Let me do a quick review of how the “standard” deploy process works for us. Our developer must have a locally checked out copy of our forked versions of edx-platform, configuration, edx-themes, another repo that has our own custom ansible roles (so we don’t have to maintain them within the forked configuration), a private repo that has customer themes, and a private repo with customer configurations (basically server-vars.yml and associate Ansible Vault files for each customer deployment). Some of those use shared branches based on the Open edX release while others require being checked out to a customer-specific branch.

We have an internal tool, ax, which manages those branches, does some basic sanity checks, and simplifies things quite a bit. Eventually though, when we use ax to deploy, it’s just constructing an Ansible command and executing that.

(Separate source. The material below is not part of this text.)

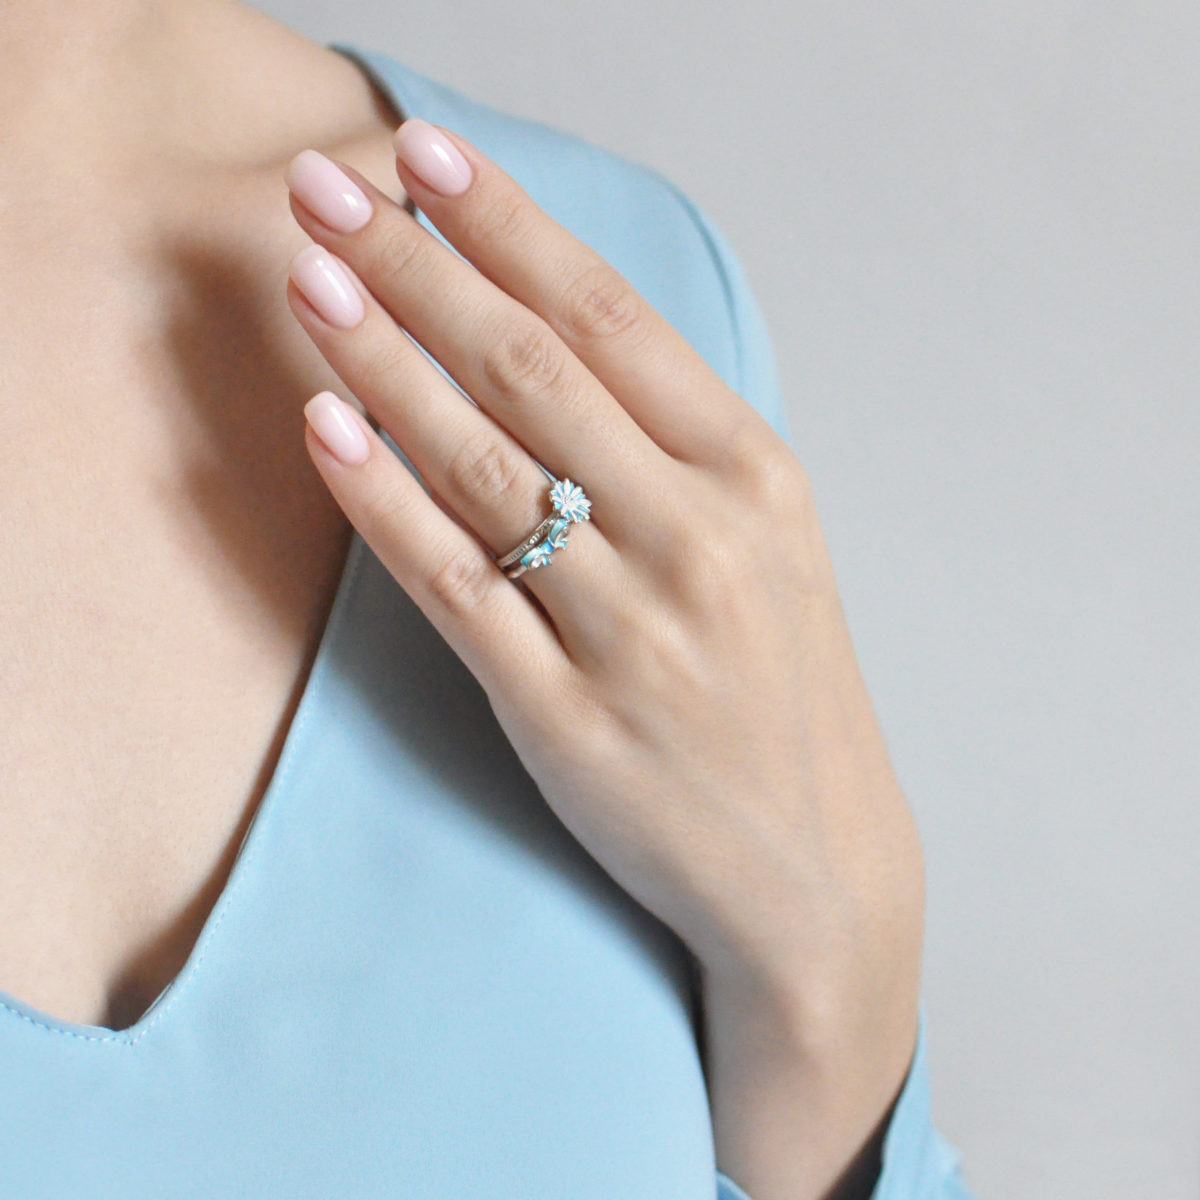 61.206 golubaya 61.201 golubaya 1200x1200 - Кольцо из серебра «Ромашка», голубое

This works, but has also had its share of problems. The developer deploying must have direct SSH access to the servers, switching between customers/deployments can be annoying because of the the local branch changes, especially when working on in-progress features. There tends to be a lot of git stash and similar cleanup work that has to happen on every context switch. With all of those repos involved, it takes a concerted effort to verify that they are all checked out to the right branch and up to date (ax does some of that, but there are enough exceptions that it’s still a pain point). Output from the deploy is only saved locally, so if something goes wrong and the developer wants help debugging, they have extra steps to do to capture the output and share it with the rest of the team. The configs directory contains sensitive (though encrypted) data and we have a security policy of not leaving that repo checked out on a workstation any longer than necessary. That means that most of the time, a deploy involves cloning that repo, doing everything else for the deploy, then deleting it. More manual steps. Finally, the developer needs to have a steady, reliable internet connection for the entire deploy. If they disconnect in the middle of a deploy, it could leave a server in an inconsistent state until they are able to re-connect and resume or restart the deploy. Since Appsembler is a remote-first, global, company and many of our developers take advantage of that to travel while working, not being able to deploy without a reliable Wifi connection is a major impediment (in fact, a lot of the first prototype of what I will be discussing in this post was developed while I was on a train in the Scottish countryside, tethering from my phone).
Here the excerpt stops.